Tell the world your fears - unless you're too scared
Fear. Apparently, public speaking is the third most terrifying thing in the world.
It's not as scary as standing at the top of a very tall building and looking down so your stomach turns to water – known as acrophobia – and neither is it as fear-inducing as horrible, hissing, wriggly snakes – ophidiophobia – but it is officially scarier than spiders and small spaces.
However, no matter how terrifying it undoubtedly is, the fear of public speaking – glossophobia, to give its official name – would make a rubbish horror film. Even Peter Cushing would have struggled there.
Further down the list – compiled by those nice people with far too much time on their hands at polling organisation YouGov – we have musophobia, the fear of mice, trypanophobia, the fear of needles, and pteromerhanophobia, the fear of flying. Apparently seven per cent of us say we are very afraid of the latter, despite it being, statistically, the safest way to travel. (But only if you're aboard an airplane or a helicopter.)
Crowds is another common fear, while three per cent say they have nyctophobia, or the fear of the dark.
Or perhaps you have coulrophobia, a fear of clowns? Four per cent of us say we are very afraid of them. (Although I cannot see it myself. If the clown was coming after me with, say, a chainsaw, then I might be slightly afraid, but even then I'd probably notice that he couldn't really run towards me because of those hilarious long shoes they always wear. That means the homicidal mirth-maker would have to chase me in his car – and as we all know, a clown's car can only move about three feet before the engine explodes in a cloud of white smoke and tinsel. Clowns? Nah, you're having a laugh. Well, you are if you're around six years old. Mind you, what if the clown was sitting next to you on a dark plane and he'd smuggled a snake into his hand luggage and kept trying to make you deliver a speech to the other passengers? Actually, you might be in trouble there...)

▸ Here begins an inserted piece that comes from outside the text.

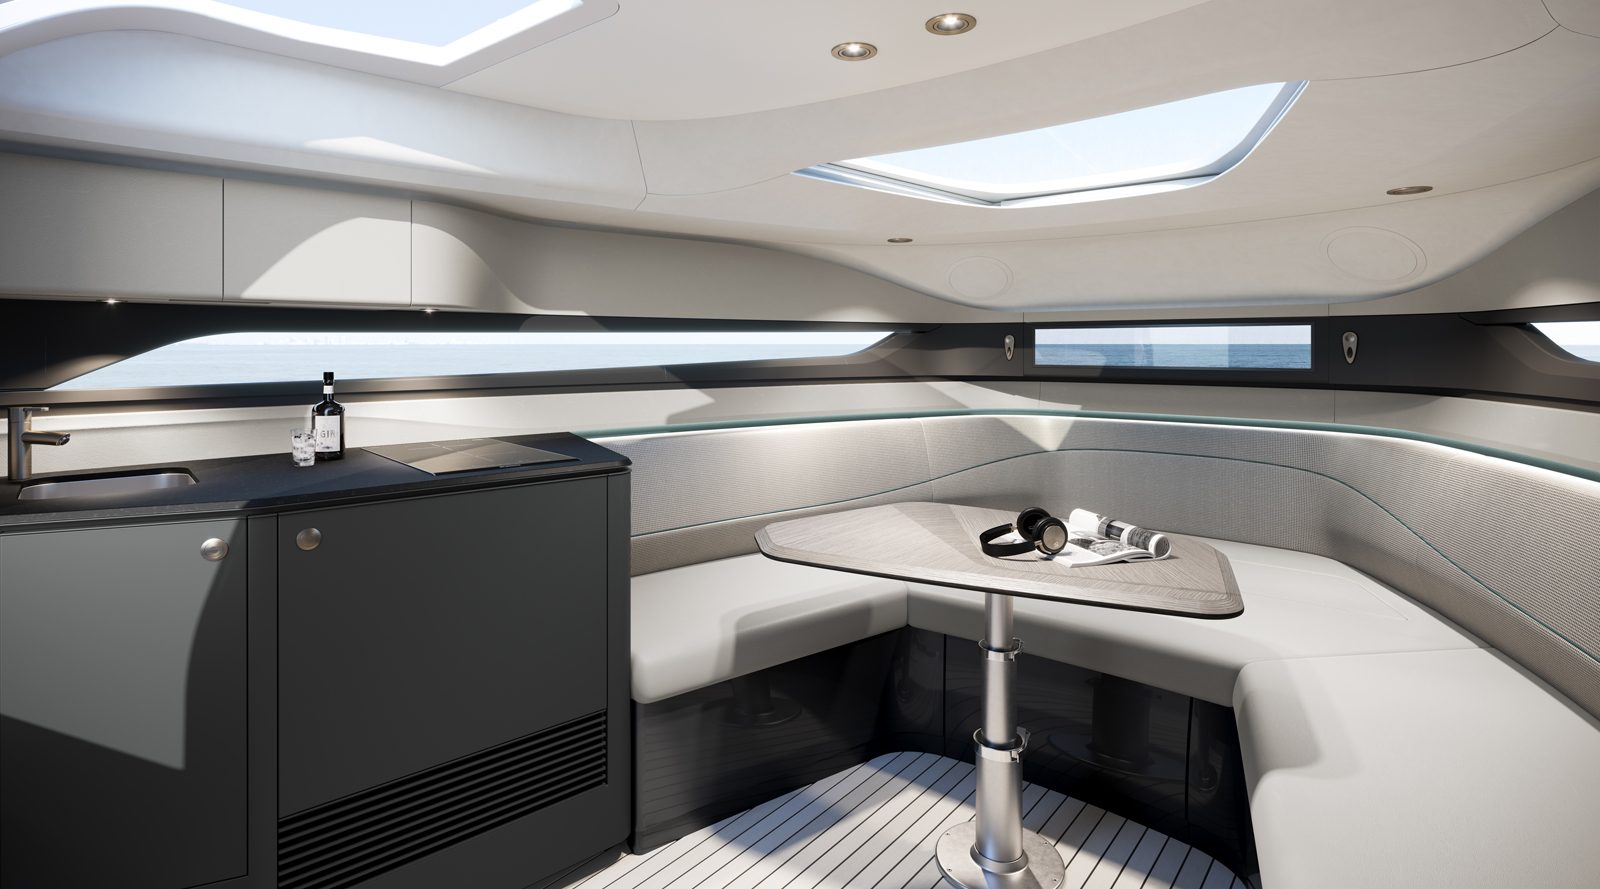 Princess r35 u2013 princess yachts italia u2013 marine group

Dogs. There's something you can worry about. Fear of dogs is known as cynophobia. Perfectly understandable if you live near Darren or Wayne who only feels like a real man if he's walking around with with one of those monster child-eating black dogs you saw in The Omen.
Fears, then, are something that unite us. We've all got a fear of something or other in common, and I suppose there's some reassurance in that.
For example, we've all had that moment where we're driving along a lonely country road late at night and hear a rattling sound coming from the engine. We've all experienced that.
And we all know that feeling when we stop by the side of the road and walk to the front of the car, with only the light of a full moon to guide us. You've been there, haven't you?
After checking there's nothing wrong we get back in and drive away.
And we've all looked in the mirror to see, rising up from behind the driver's seat, a face, flesh as cold and pallid as the moon above, eyes burning like black coals.
And we've all watched in terror as its mouth opens in a leering, terrible grin, exposing teeth like tiny daggers.
And we've all seen it reaching towards us, the dirt from the grave still under its long fingernails. And we've all just had time to scream...
Oh, so that one's just just me then, is it? Lovely.